» What needs to be done
From the listing below, restate word for word the lines from the line containing "Mom and Daughter" down through the line containing "Regions of provenances". Exclude pictures.

» Data listing
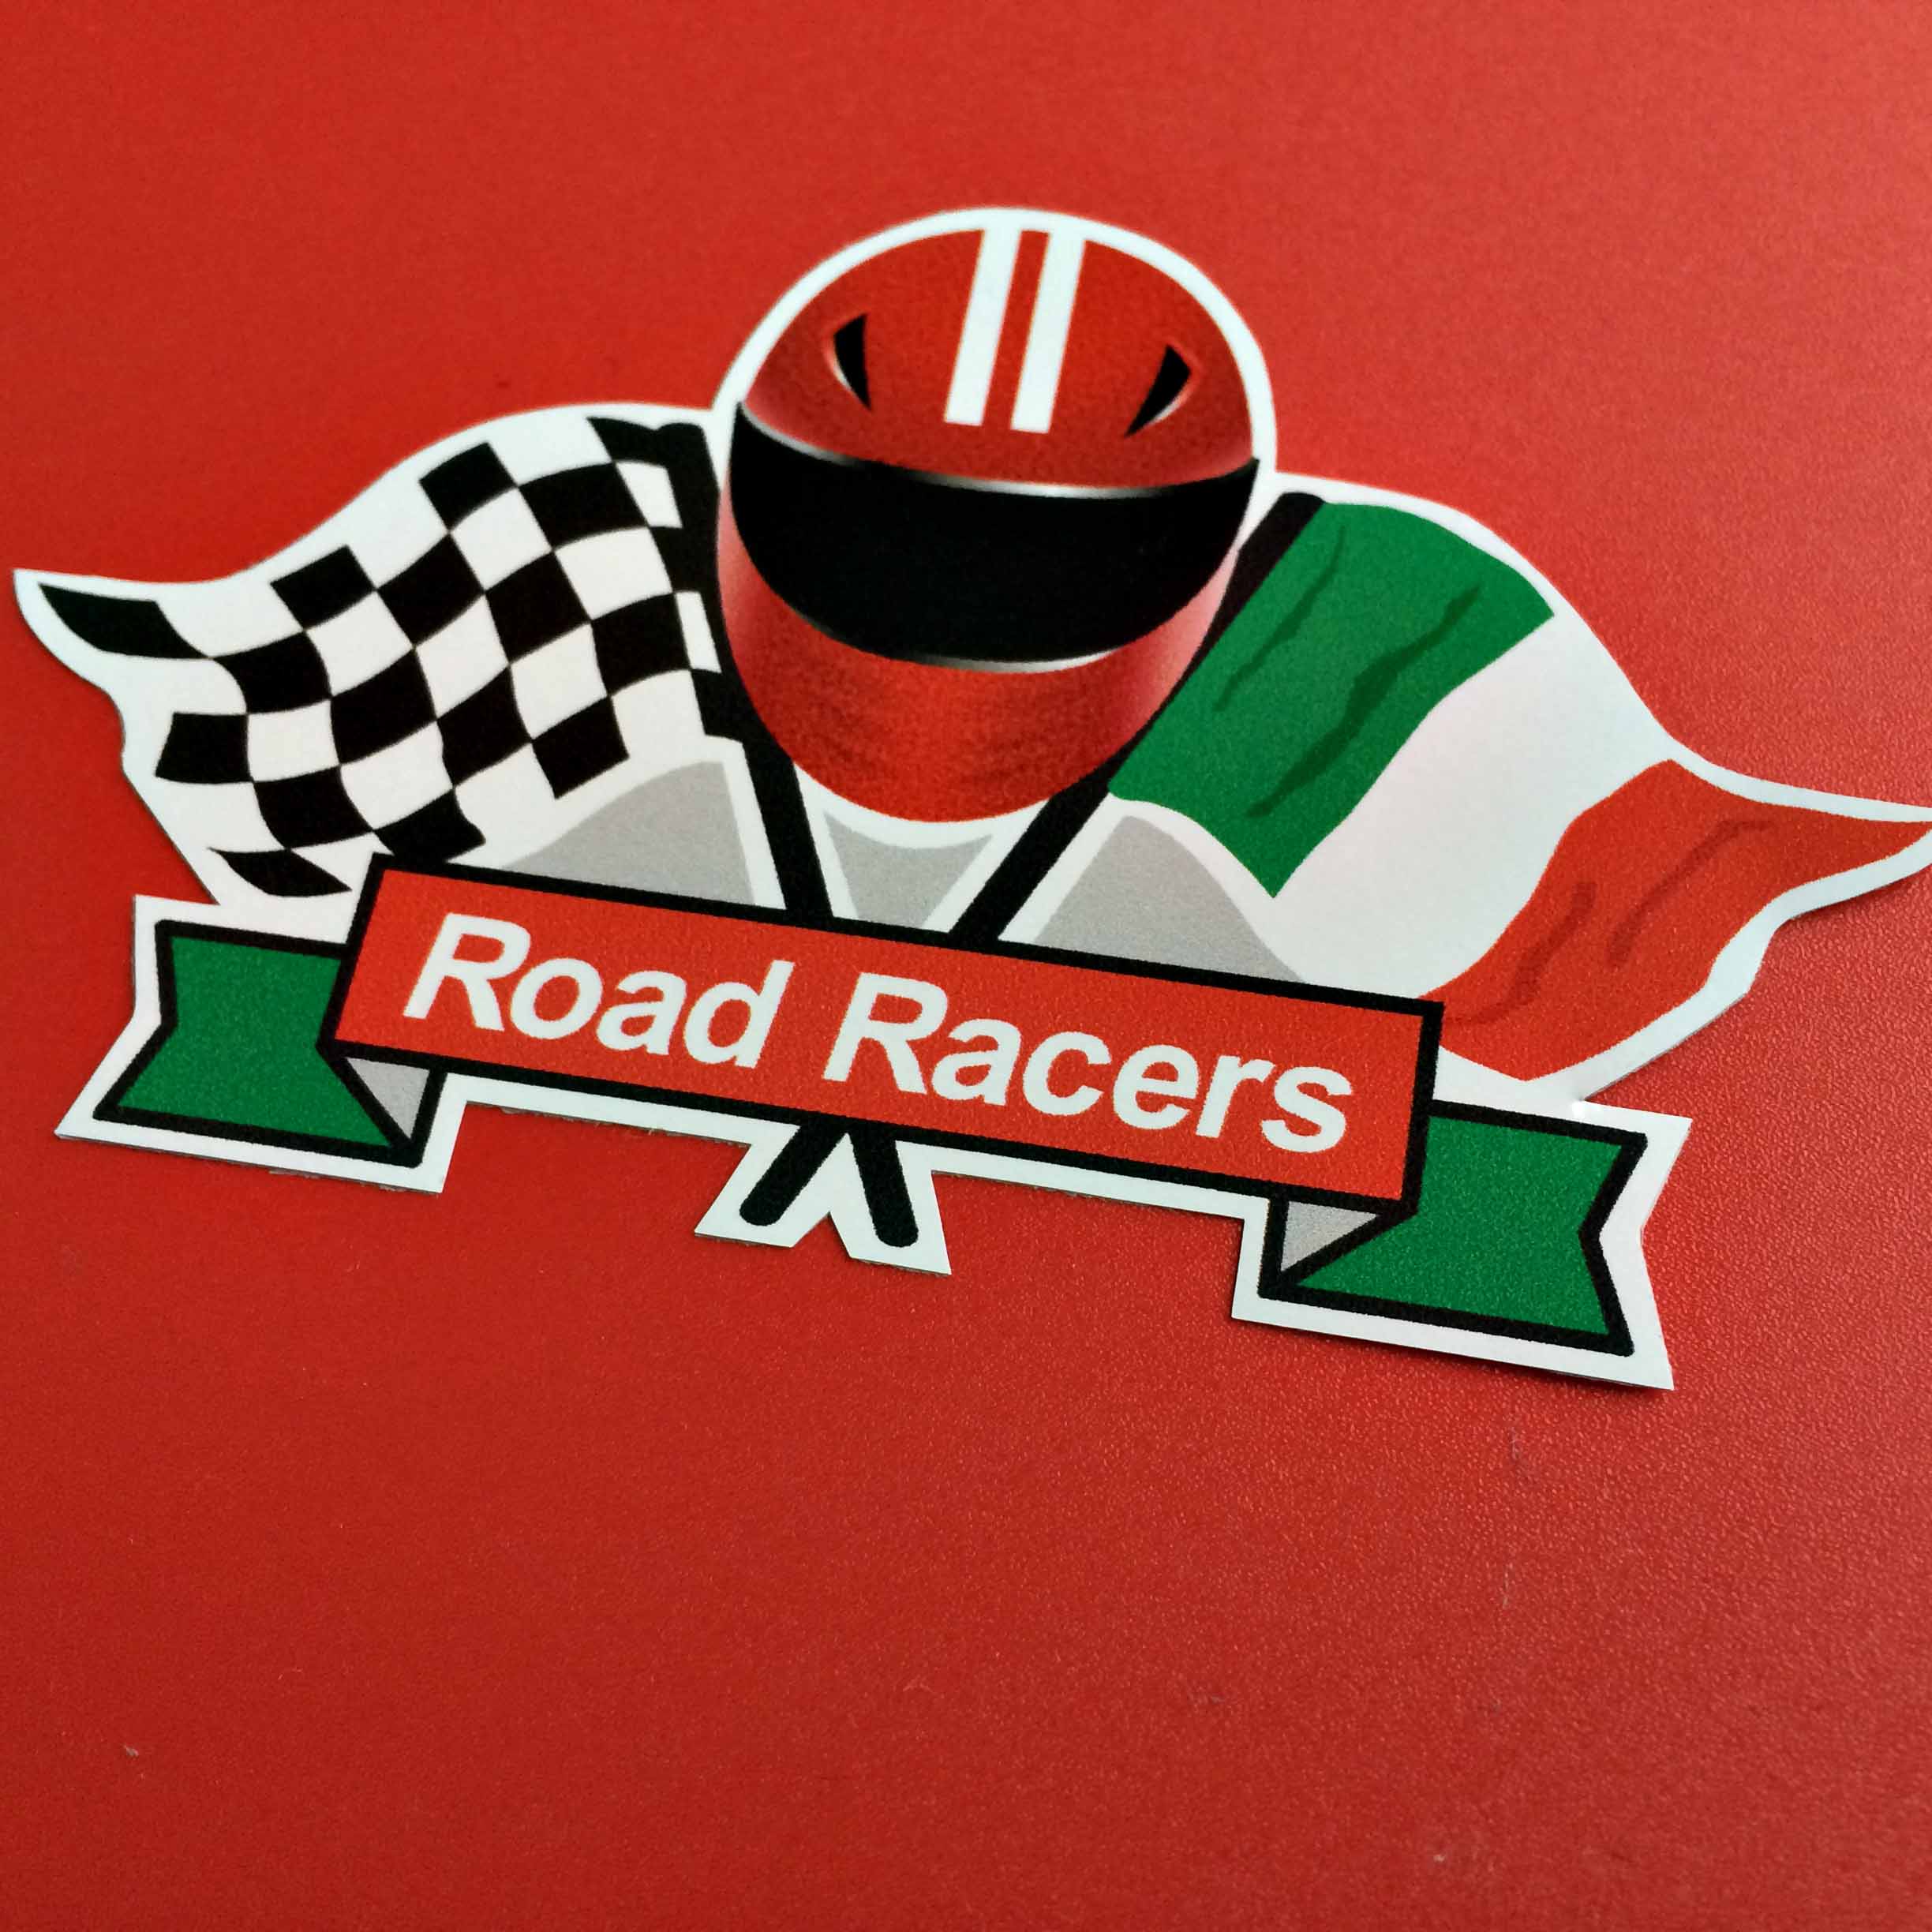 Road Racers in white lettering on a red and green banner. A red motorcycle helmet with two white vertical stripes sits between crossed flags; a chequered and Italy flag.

...

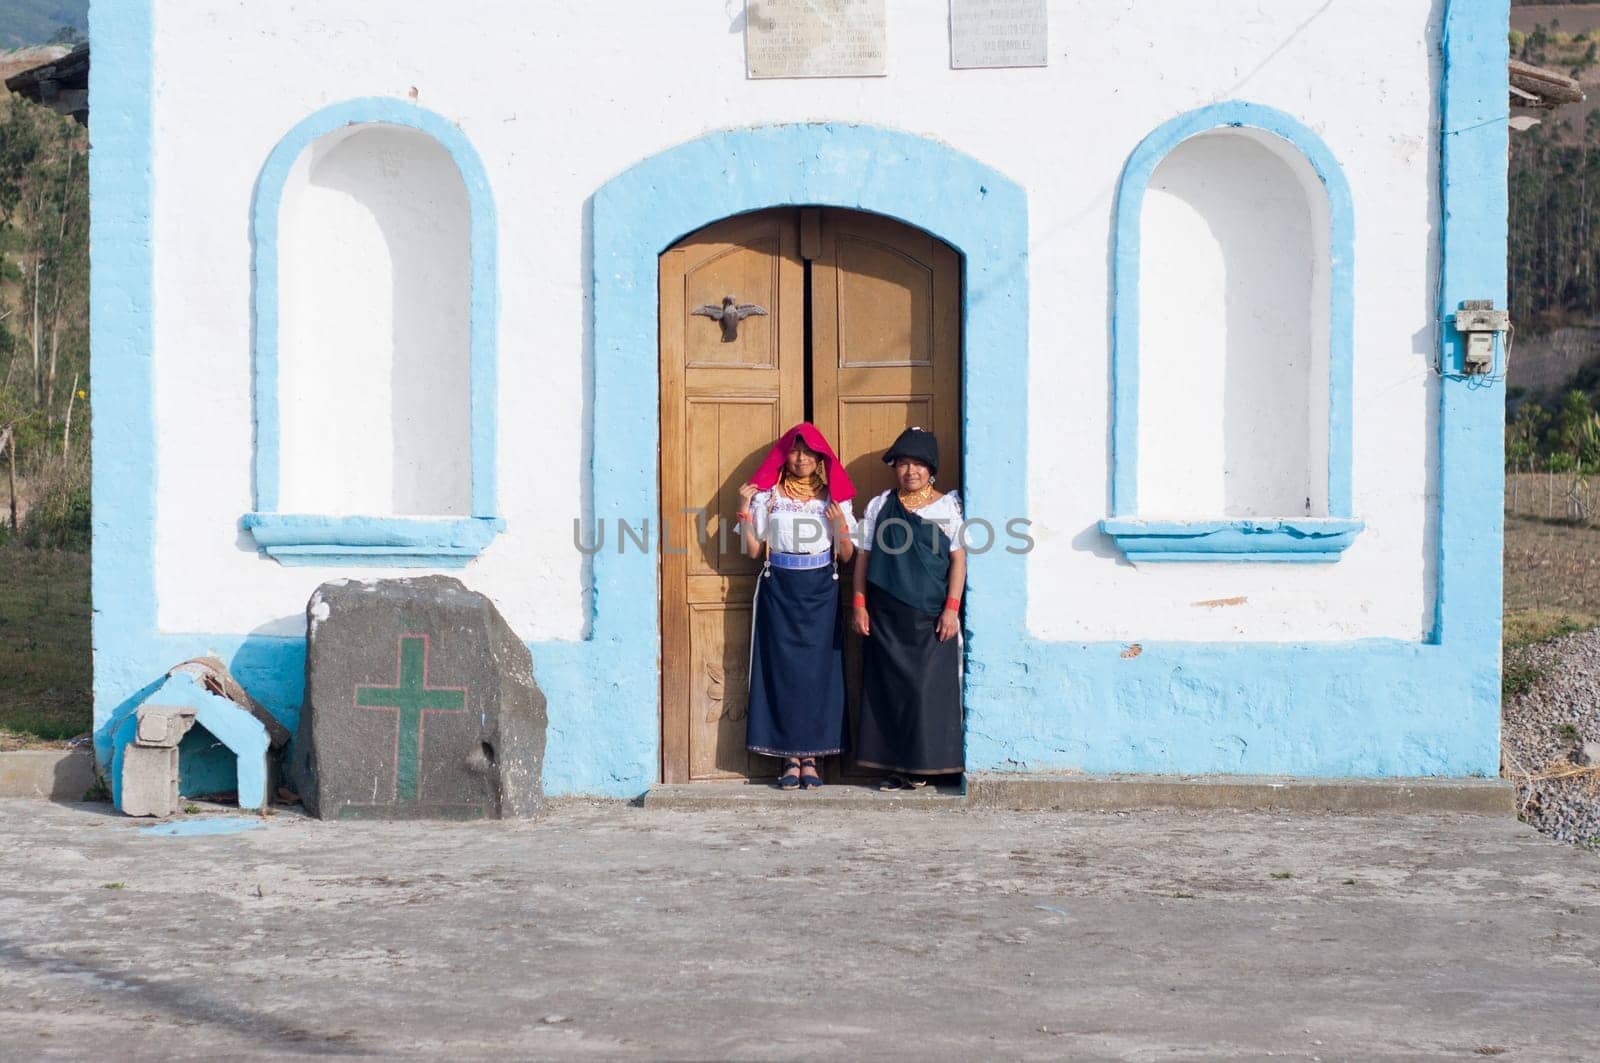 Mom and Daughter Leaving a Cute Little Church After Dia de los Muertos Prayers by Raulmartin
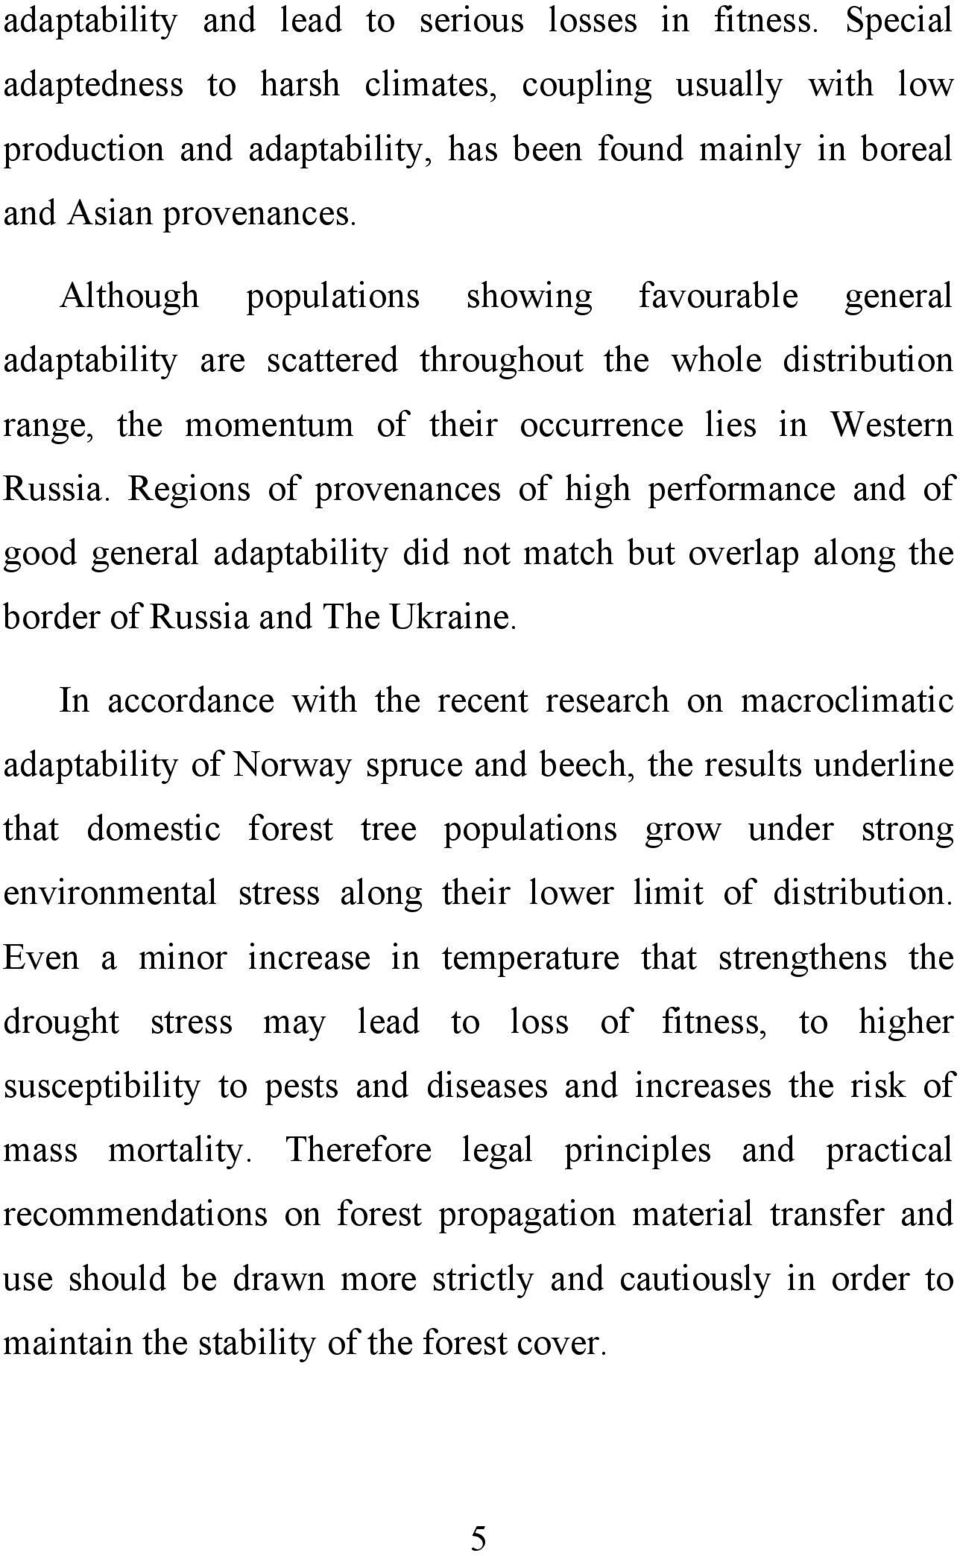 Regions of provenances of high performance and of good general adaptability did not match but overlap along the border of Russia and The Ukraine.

» Response
 Mom and Daughter Leaving a Cute Little Church After Dia de los Muertos Prayers by Raulmartin
 Regions of provenances of high performance and of good general adaptability did not match but overlap along the border of Russia and The Ukraine.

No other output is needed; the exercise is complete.